Moving Horizon Estimation for 3D Motion Tracking
Tracking the exact 3D movement of a flying and deforming tethered wing is of crucial importance for stable and efficient control. The objective of this PhD project is to design and implement novel estimation methods using the principle of moving horizon estimation (MHE) for real-time applications.
Airborne Wind Energy systems are as many other future relevant technologies complex autonomous systems with a high degree of freedom. One key component to guarantee a robust and fail-safe operation of these systems are precise state estimation algorithms.
Tracking of 3D movements, particularly the movements of tethered airborne objects used in Airborne Wind Energy (AWE) is one of the key challenges in this PhD project. Given that the possibly flexible airborne platform is moving with fast dynamics under varying winds, a major hurdle lies in tracking the exact 3D movement needed for a stable and efficient control.
For this task advanced state estimation algorithms like Moving Horizon Estimation are designed, investigated, analyzed and compared. The input for these algorithms is inertial measurement data acquired at a high frequency by Inertial Measurement Units using state of the art MEMS technology combined with aiding sensor information like GPS. Combining the information from several sensors in one MHE based sensor fusion framework will allow for a precise state and uncertainty estimate at every time instant.
It is obvious that this project involves also research topics like sensor calibration for improved measurement quality, sensor and setup selection for maximizing the information contained in the measurement data, online optimization methods for solving the constrained optimization problem at every instant, effects of distributed optimization in a sensor network and fast embedded implementations for the application of these algorithms in realtime.
The developed algorithms will hopefully contribute to solve the topic of motion tracking for various complex systems and applications and help AWE systems to robustly produce clean energy even under challenging conditions.
Your starting point will be AWE applications and will include the non-linear state and parameter estimation problems as well as selecting a good sensor setup. Your algorithms will be targeted at providing accurate, real-time and robust performance at high output frequencies while running on embedded processors as well as handling of large differential equation systems arising from accurate, high order models or the integration of many different sensors on a non-rigid platform. The results will be demonstrated on an industrial-sized prototype within the AWESCO training network.

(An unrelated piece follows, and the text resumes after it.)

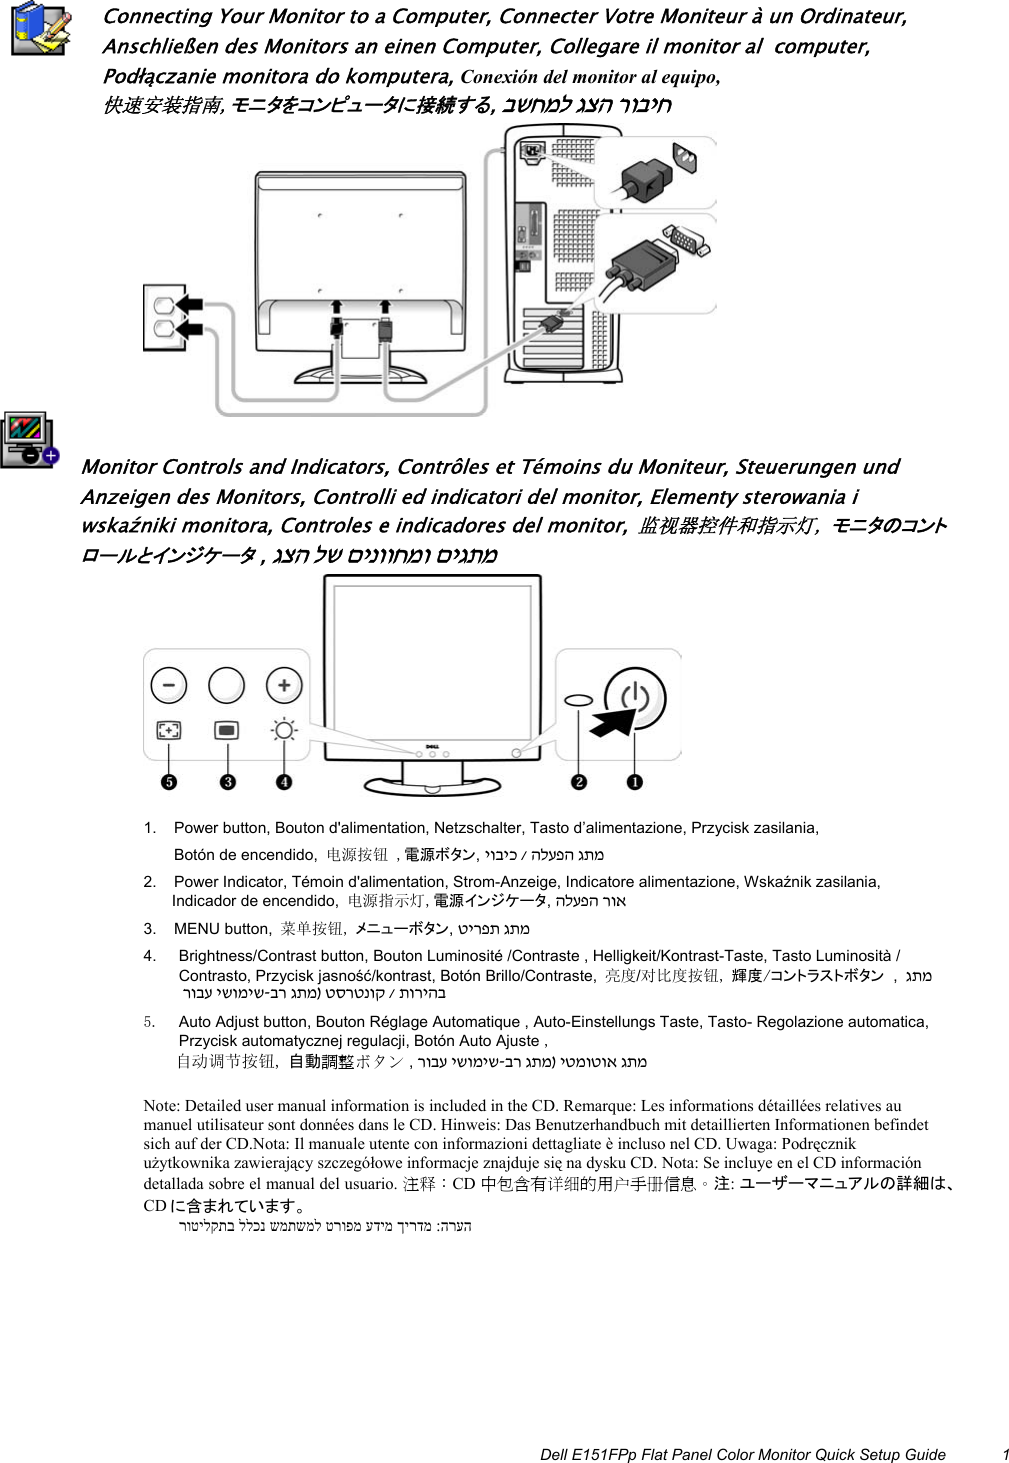 Page 1 of 1 - Dell Dell-E151Fpp-Users-Manual E151FP

Fabian Girrbach, born in 1988 in Calw, Germany studied Mechatronics at the University of Applied Sciences in Karlsruhe. After two years he joined a 1-year Erasmus+ program between the University of Karlsruhe and the Polytechnic University of Valencia, Spain. After finishing his bachelor's degree, he continued his master studies in Embedded System Engineering at the University of Freiburg specializing in robotics and sensors. During his studies he had the chance to work on many different challenging autonomous systems and in particular problems of robot localization and multi-object tracking were subject of his final project works. Now Fabian Girrbach is an industrial PhD student on the Marie Curie AWESCO project at Xsens Technologies in the Netherlands being affiliated with the University of Freiburg, Germany.
Dr. Jeroen D. Hol is senior research engineer. Having graduated with an MSc degree (cum laude) in Mechanical Engineering from the University of Twente, The Netherlands, he received in 2011 a PhD degree in Automatic Control from Linköping University, Sweden. His main research topics are sensor fusion, calibration and machine learning and their applications to inertial sensors and motion capture.